Azure Cosmos DB
Working with Azure Cosmos DB usually is a pleasure. The initial setup process is fast and easy, working with documents very intuitive and once you go to production you don’t encounter any scaling barriers. It might not be the cheapest database out there, but you get what you pay for.
Though we like working with Cosmos DB there are some pain points, you encounter along the road. The main issues we found would be a non-satisfying out-of-the-box backup mechanism and limitations to the API you choose. When you start with Azure Cosmos DB, you choose a query API. What you choose depends on the needs of your application. You can choose the graph API and query with gremlin, you can choose a mongo API, Cassandra API, use the Table API or fall back to a SQL-like API.
No DELETE in the SQL API
We use the SQL API. Coming from SQL databases this felt natural. However, there are two big restrictions:
- You can’t use most of SQL’s build in functions/keywords – but you can write your own userDefinedFunctions for whatever you want!
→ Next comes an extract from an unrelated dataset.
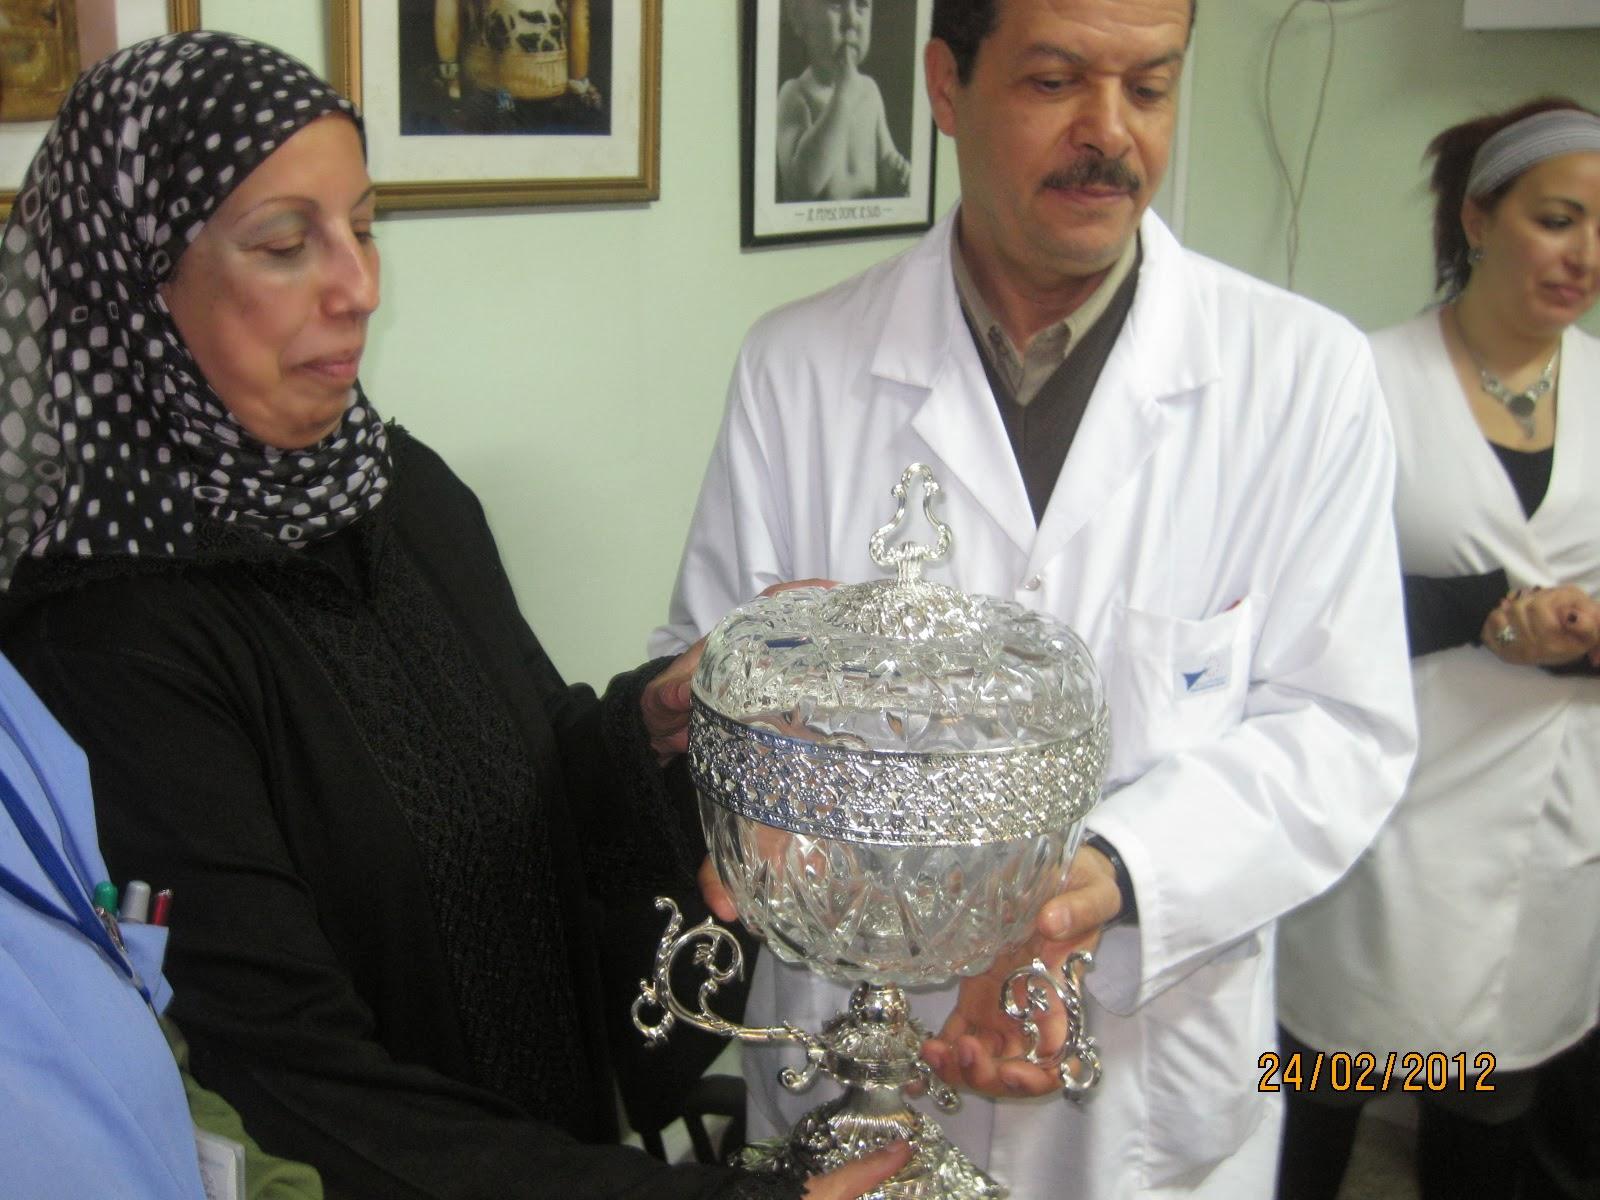 TAKRIME LES INFIRMIERS RETRAITES DU BLOC OPERATOIRE HOPITAL IBNO SINA RABAT

- You choose a query language. So only
SELECT ... from WHERE ...is allowed. No
This might sound strange, but you are not able to just
DELETE * from c WHERE c._ts < unixTimeStamp. There are multiple ways of deleting documents, though. You can use any of the SDKs and write your own service, you can use stored procedures or delete documents manual – depending on your use case, which is fine most of the time.
Our use case was the following: "We <as development team> want to delete all data roughly before November 15th 2018". In other words, we want a simple bulk delete.
We came up with multiple ideas how to do it:
- Write our own clean up (micro) service or enhance our existing persistency service. Good idea. We will do that in the future. However, we should have good tests in place when we want to ship a deleting service to production.
- Use the time to live (TTL) feature of Cosmos DB.
The easy way
You can set a TTL for documents and/or containers (for SQL API: collections): The easiest way is to enable a TTL for documents, wait for the cosmos db to do the cleanup and then disable TTL again. Problem solved.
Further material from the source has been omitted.